When doing business with funds or other entities structured as limited liability partnerships, natural persons behind all Limited Partners (ownership requirement) as well as natural persons behind a General Partner (control requirements) are their UBOs.  This is relevant for Israeli companies considering an investment from or close cooperation with an overseas entity that has an opaque ownership structure.  For example, when a potential investor is an offshore limited liability partnership, conducting due diligence on that entity only would not be sufficient and will not likely provide any meaningful results.  Instead, one should request from a counterparty a detailed ownership structure of the entity in question and conduct appropriate due diligence on all of its UBOs.  When doing business with potential counterparts in jurisdictions like China or Russia, one of the important issues to be aware of is whether any of the counterpart’s UBOs is on a sanctions list or is a politically exposed person (“PEP”).

In the context of sanctions, knowing the UBOs of an entity is critical.

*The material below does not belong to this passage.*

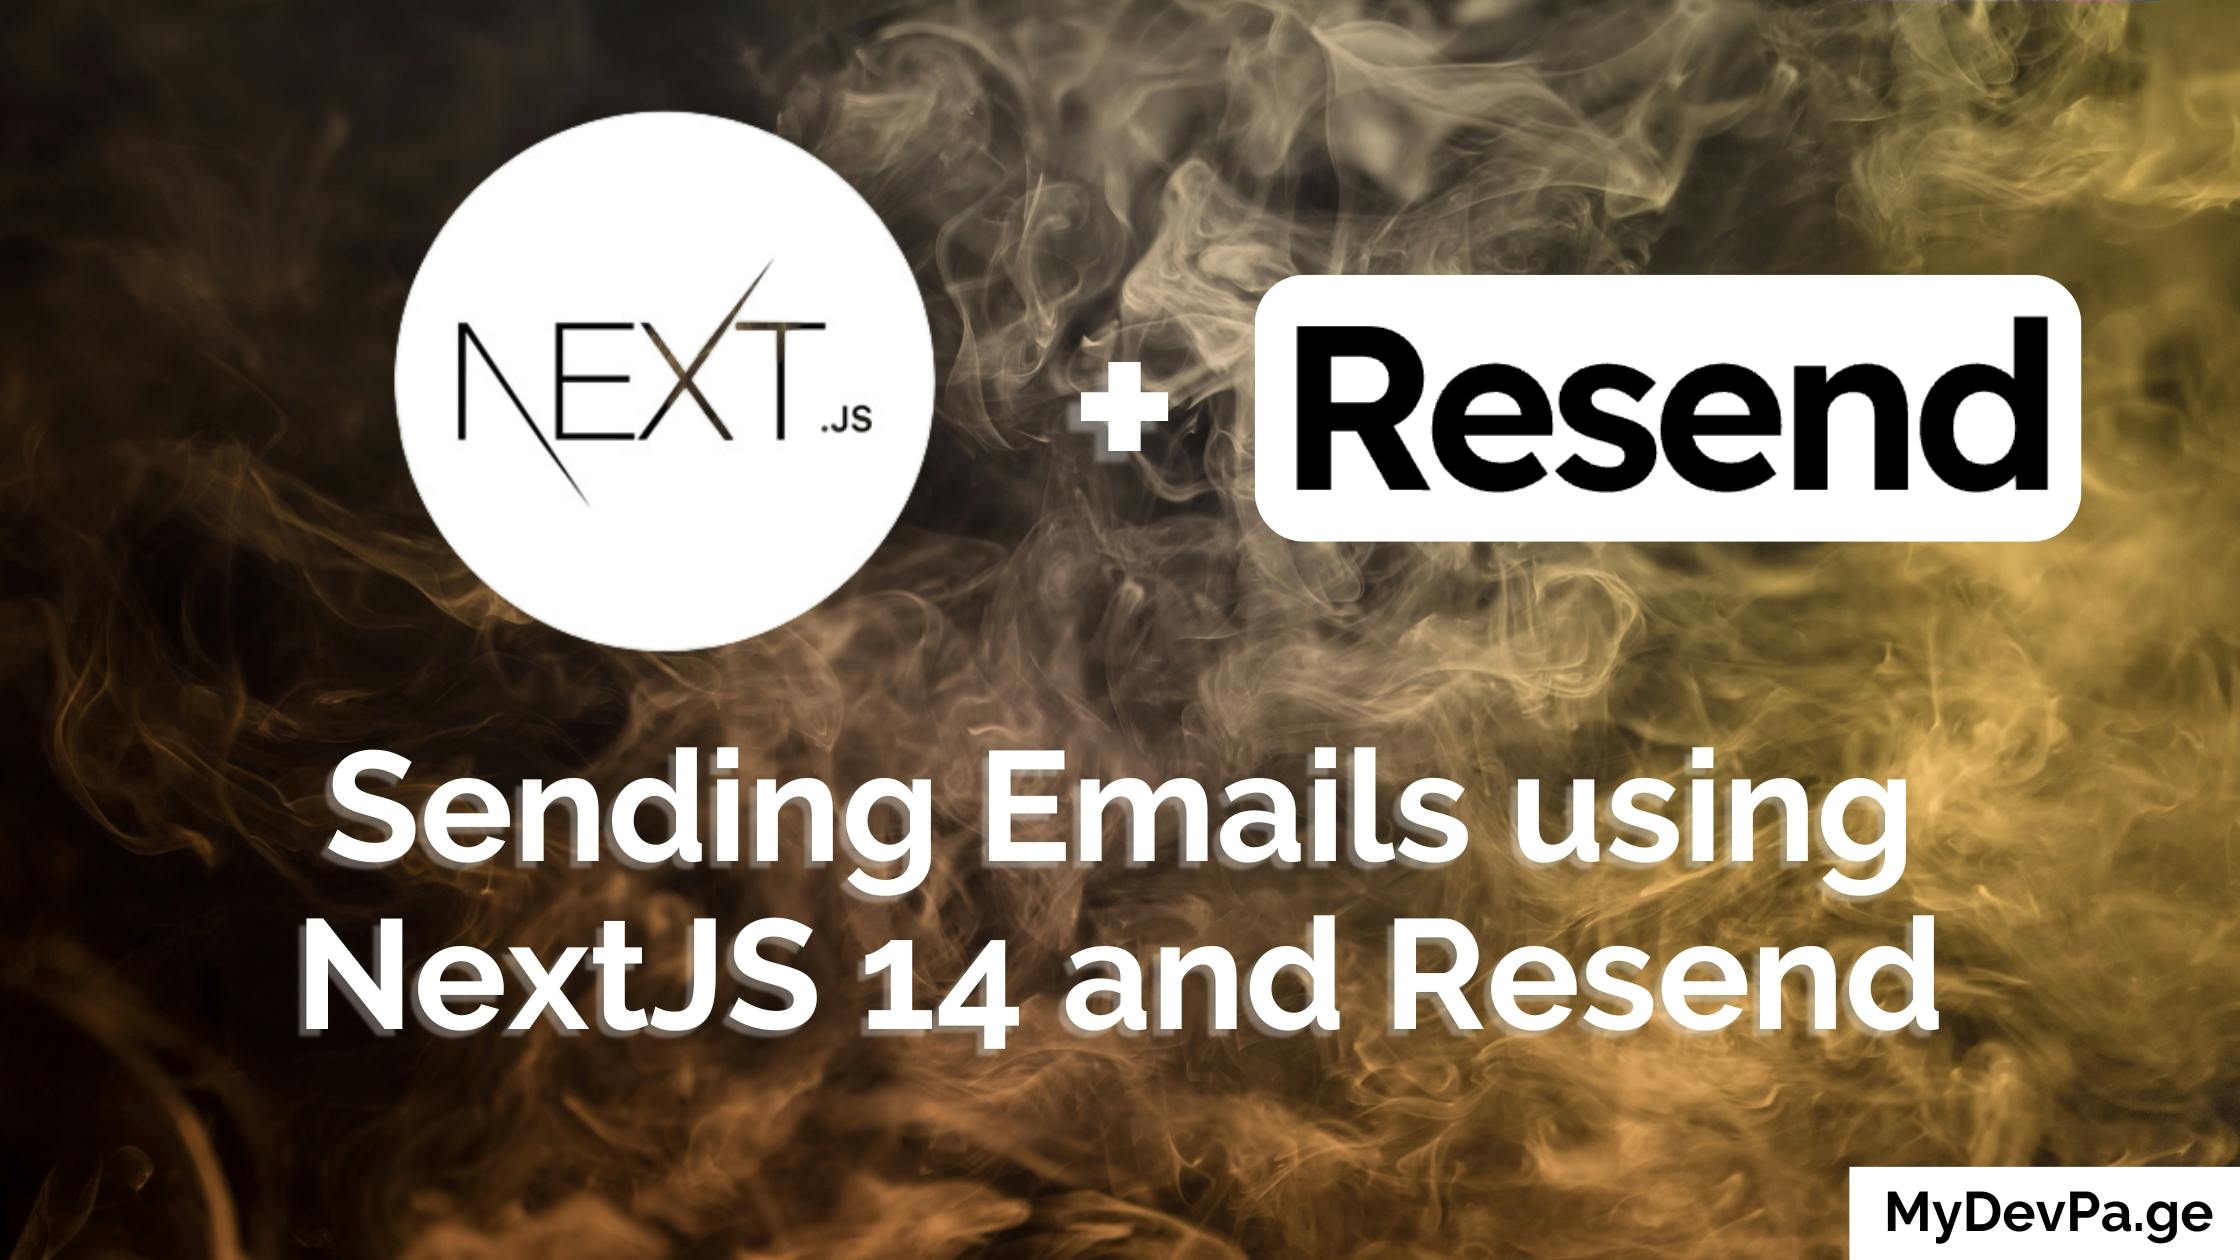 How to send emails using Next.js 14, Resend and React-Email

Under the regulations of the U.S. Office of Foreign Assets Control(“OFAC”), even if an entity is not listed on OFAC’s sanctions list, but is 50%or more owned by an entity or person that is on the list, the same prohibitions apply to dealing with such entity.

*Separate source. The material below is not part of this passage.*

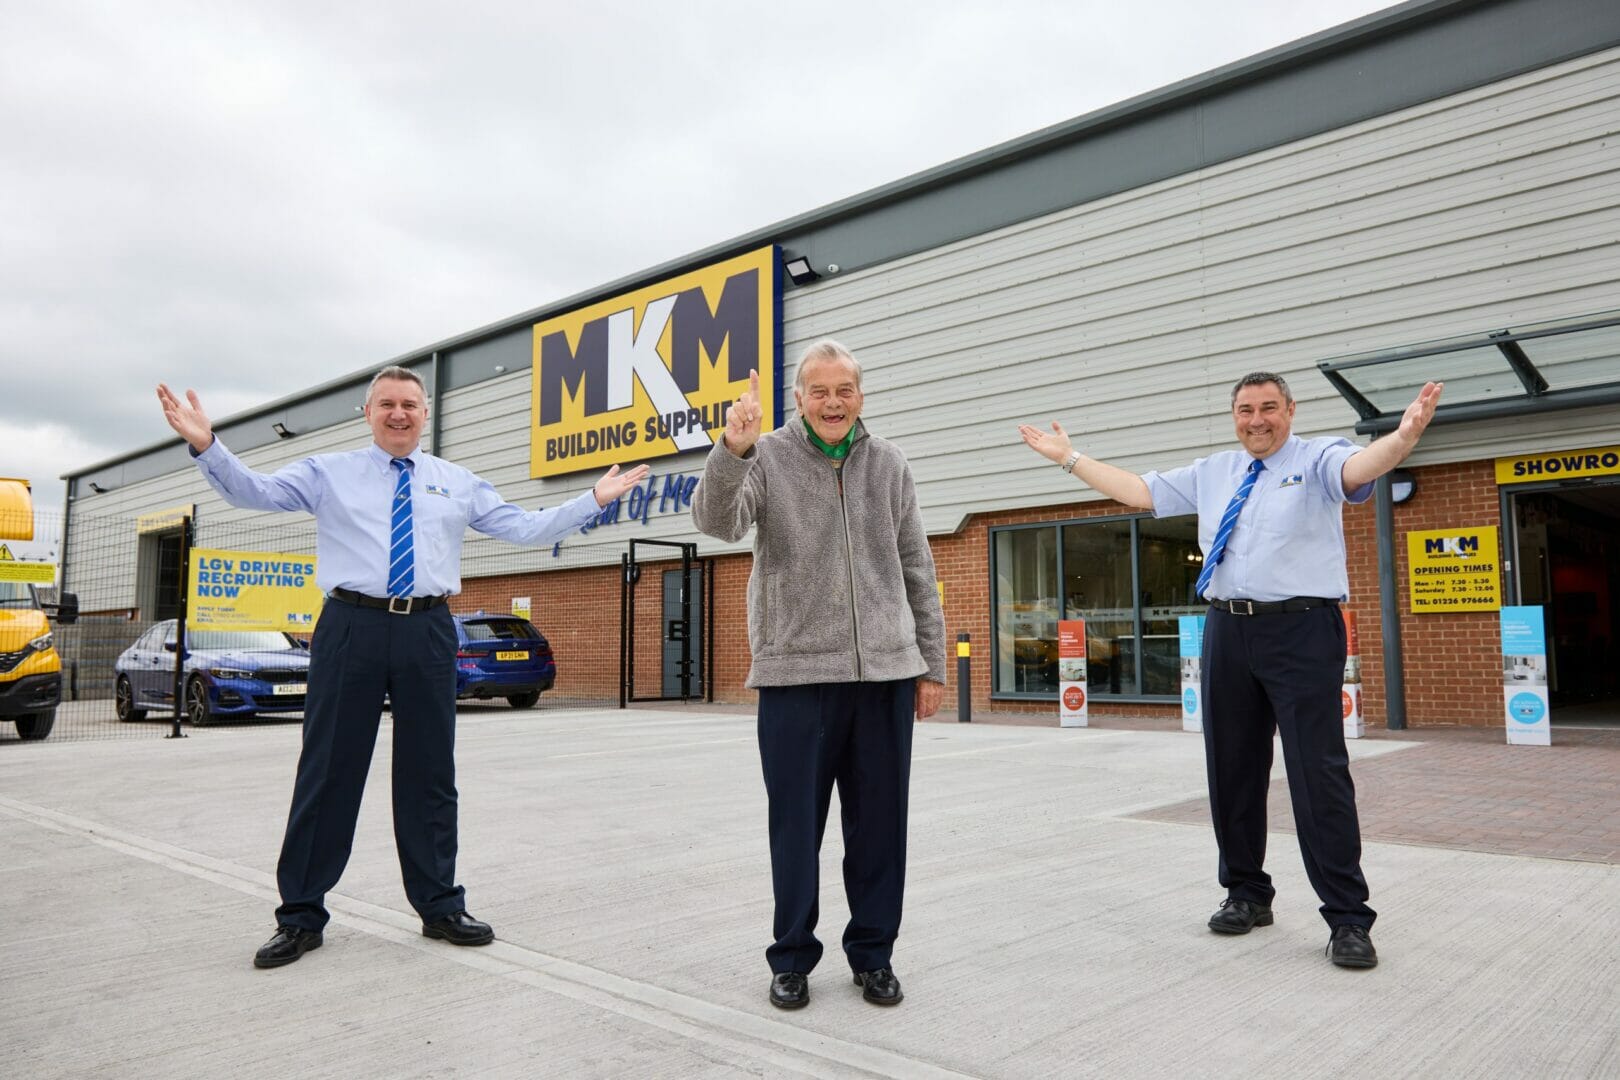 HOWZAT! WORLD FAMOUS YORKSHIRE CRICKET LEGEND DICKIE BIRD TO OFFICIALLY OPEN NEW MKM BARNSLEY @mkmbs

Unlike with sanctions, when someone is either on the sanctions list or not, PEP analysis is a bit of a grey area. The criteria for what defines a PEP are broad, but most professionals rely on the following characteristics defined by FATF:
-  executives     of state-owned corporations;
-  heads     of government;
-  various     politicians;
-  military     or judicial officials;
-  upper-level     management of state-owned enterprises or international organizations;
-  board     members of state-owned enterprises or international organizations;
-  C-suites     of state-owned enterprises or international organizations;
-  directors     of state-owned enterprises or international organizations.

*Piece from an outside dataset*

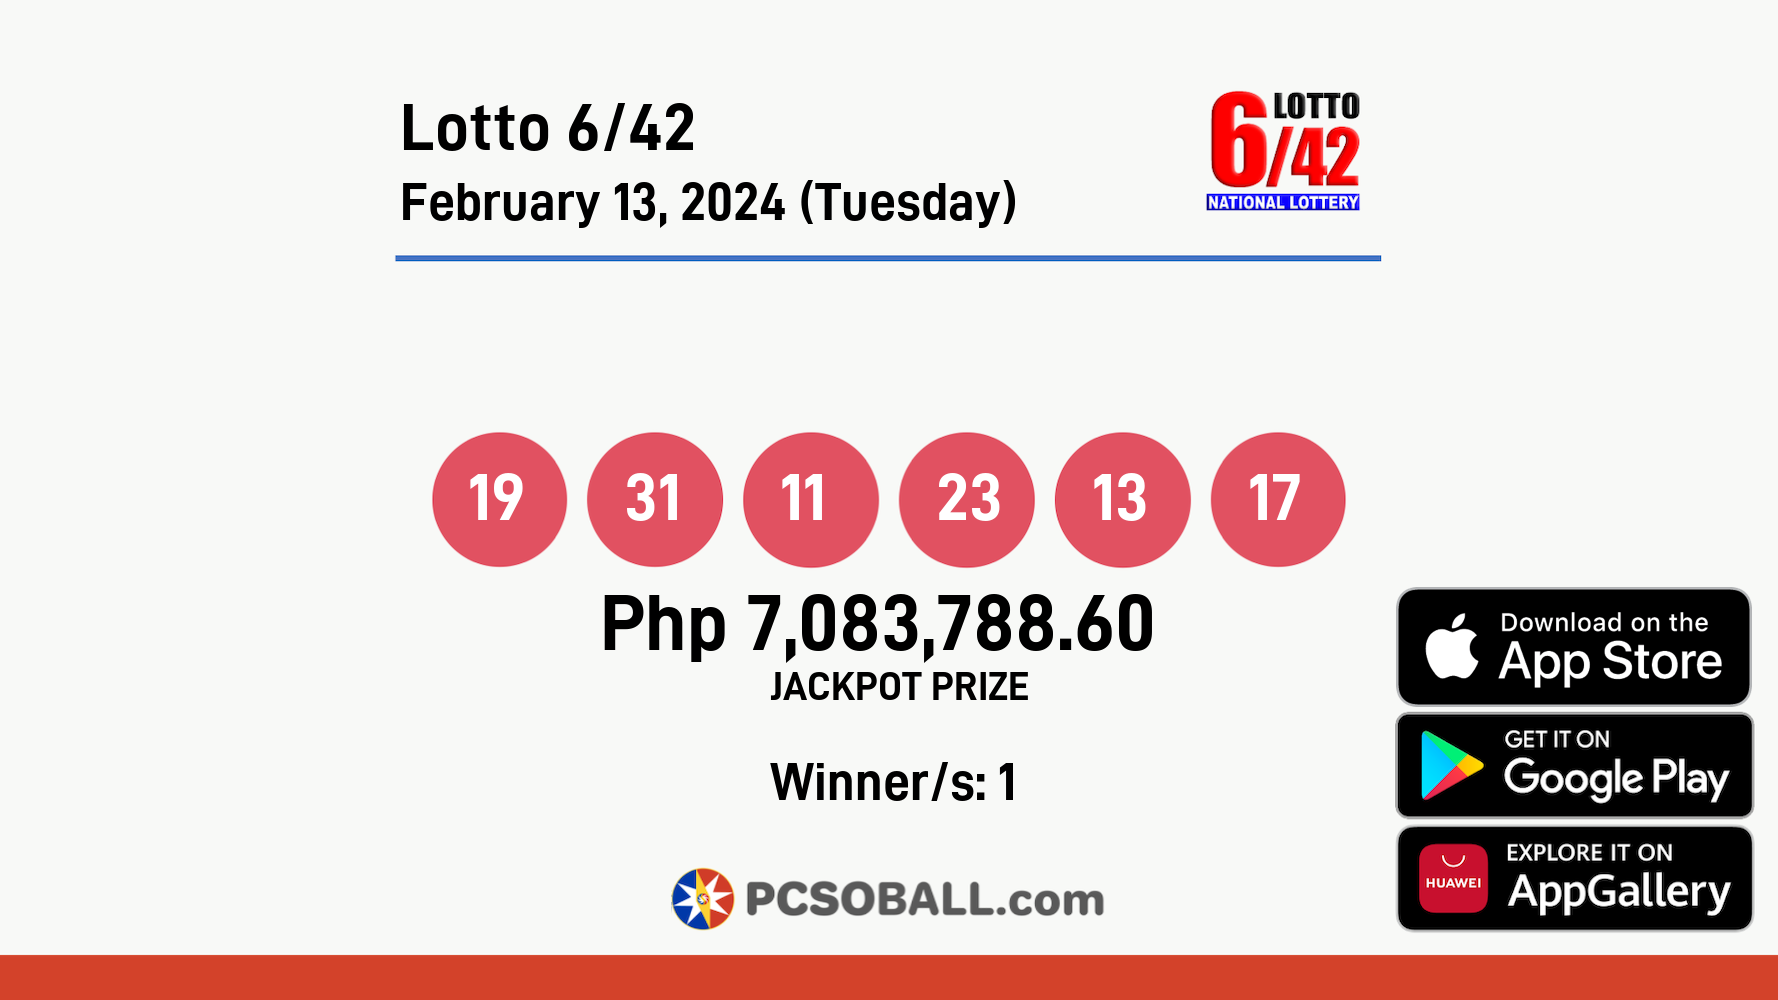 Lotto 6/42 February 13, 2024 (Tuesday) Result

There are different approaches to how far to extend PEP status and there are different PEP databases that help track PEP status. Even if someone is not on a PEP database, one still can make an argument that someone is politically exposed due to management position or directorship in a company that is majority owned by a state-owned enterprise.

PEPs present a higher risk for KYC procedures by financial institutions and various other counterparties that are required as part of their normal operational activities. Receiving an investment or otherwise dealing with a party that is affiliated with PEPs does not mean that your company is in violation of any laws or regulations, but you should be aware of much higher scrutiny (including decision not to engage) by financial institutions and other counterparties involved that can make operating more difficult.  More specifically, financial institutions are generally required, in relation to foreign PEPs, to:
-  have     appropriate risk-management systems to determine whether the customer or     the beneficial owner is a politically exposed person;
-  obtain     senior management approval for establishing (or continuing, for existing     customers) such business relationships;
-  take     reasonable measures to establish the source of wealth and source of funds;     and
-  conduct     enhanced ongoing monitoring of the business relationship.  

From a potential customer perspective, having a PEP among your shareholders or as a director may, for example, have an impact on your ability to work on classified contracts.  It may also make access to finance more difficult, as some institutions may not be willing to lend into a structure with an investor who may have influence or control and who has a PEP status.